Smarter, Faster Internet II Sits on Front Burner
Texas colleges lead project
Source: Houston Chronicle, March 8, 1997
By Todd Ackerman
The University of Houston, Rice University and Baylor College of Medicine
are leading a
national effort to build a speedier, more sophisticated Internet.
The $500-million project, dubbed Internet II, is expected to feature virtual
reality and allow scientists to do everything from
practice brain surgery to run weather simulations to design better aircraft.
"This will deliver multimedia documents of image quality better than any
television," said Ken Kennedy, a Rice computer science
professor and co-chair of President Clinton's advisory committee on the network.
"It will transform the Internet from delivering
text documents with some graphics to high-definition, full-motion video."
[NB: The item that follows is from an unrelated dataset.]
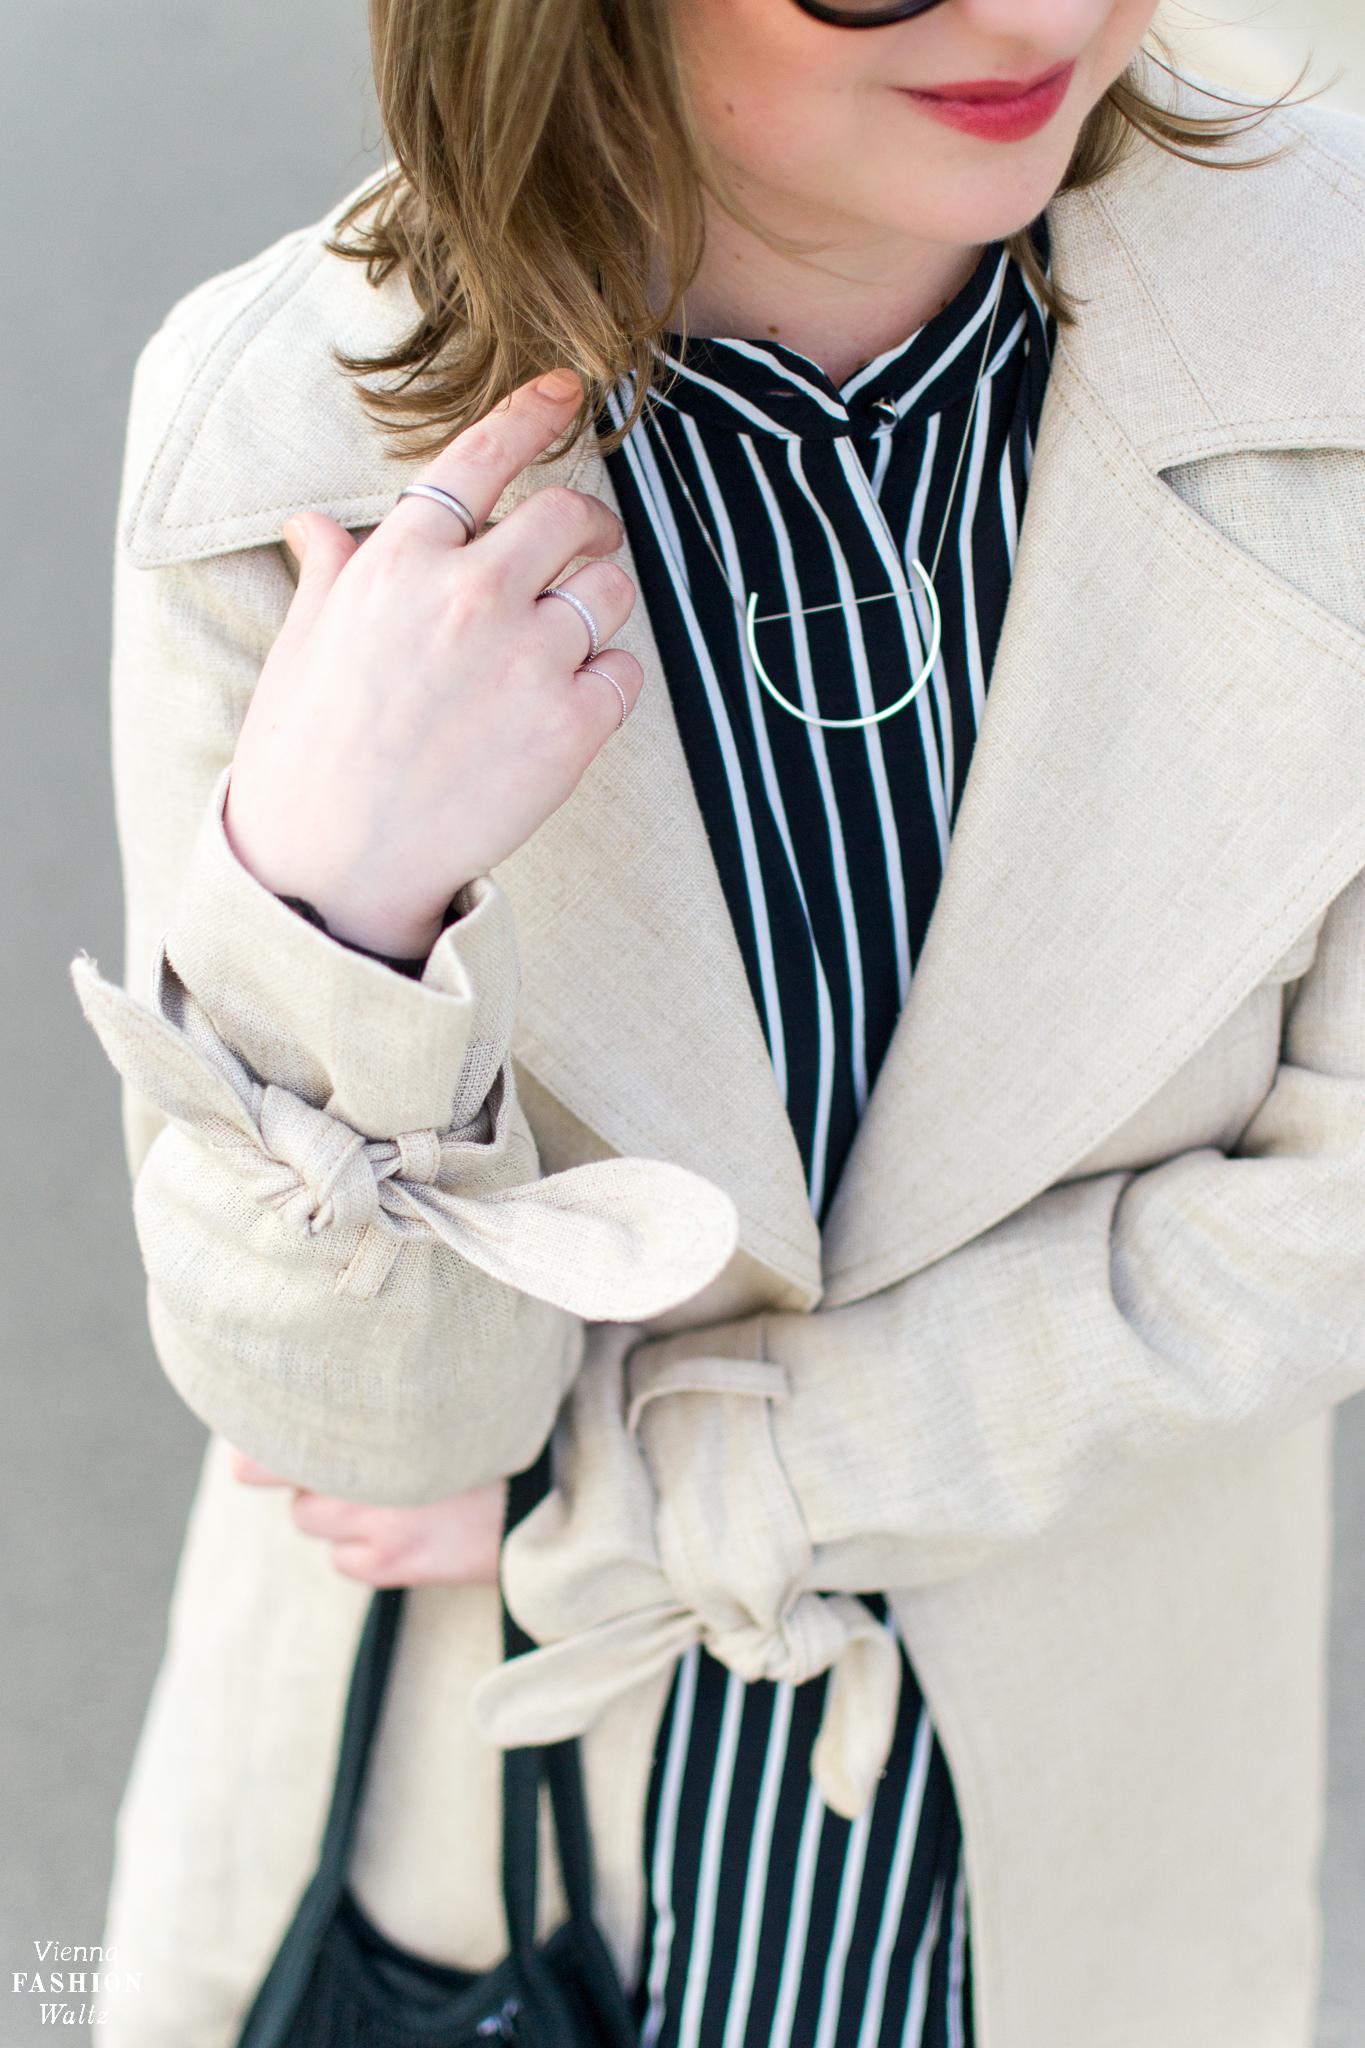 Die richtige Pflege von Leinen | Ein Trenchcoat aus Leinen zum Streifenkleid | Fashion Trends | Streetstyle Vienna | Outfit

Internet II is also expected to be a thousand times faster than today's Internet.
UH, Rice and Baylor, along with 10 other institutions, were granted the first
connections to five supercomputer centers last fall by
the National Science Foundation. The centers and linked institutions are
expected to form the backbone of Internet II.
The University of Texas-Austin last month applied to become part of the network.
By June, the NSF is expected to announce the next
slate of schools to win connections.
In all, more than 100 universities -- including Rice, UH and Baylor --have
banded to plan the effort, expected to take
three to five years before it is fully up and running. Like the original,
it is expected to move from universities to the private
sector to consumers.
Currently, Internet II is moving data for the 13 linked schools at 655 million
bits a second, compared with the 28,800 bits a
second that is the highest speed available to most Internet users. Internet
II is expected to reach data transfer speed of 2.2
trillion bits a second in a few years.
Some researchers had emphasized they need a next-generation Internet because
the mass commercialization of the existing one has made
it too congested to handle many of the huge computations they demand. It
can also be inefficient, sometimes bouncing e-mail around
the globe before it lands in a computer down the hall from where it was sent.
But Kennedy stressed it is the capabilities of Internet II that make it most
"exciting." Those capabilities include the
Rice-UH-Baylor coalition's plan to collaborate in visualizing molecular processes
using UH's virtual reality lab and UT's plan to
use the same lab to visualize models they'll create of environmental problems
in Galveston Bay.
Kennedy acknowledged that Internet II will also likely become congested as
it is made available to the public. But, he added,
scientists will then build a yet more sophisticated one.
"Computer superhighways are no different from vehicle highways,"said Kennedy.
"They keep getting congested, no matter how many you
build. If we're successful at Internet II, its resulting congestion will
be a measure of that success.
Funding for Internet II includes Clinton's pledge of NSF funds of $100 million
a year for three years. Universities each chip in
$25,000 --as well as brainpower -- to join and some private interests have
promised to help sponsor the project.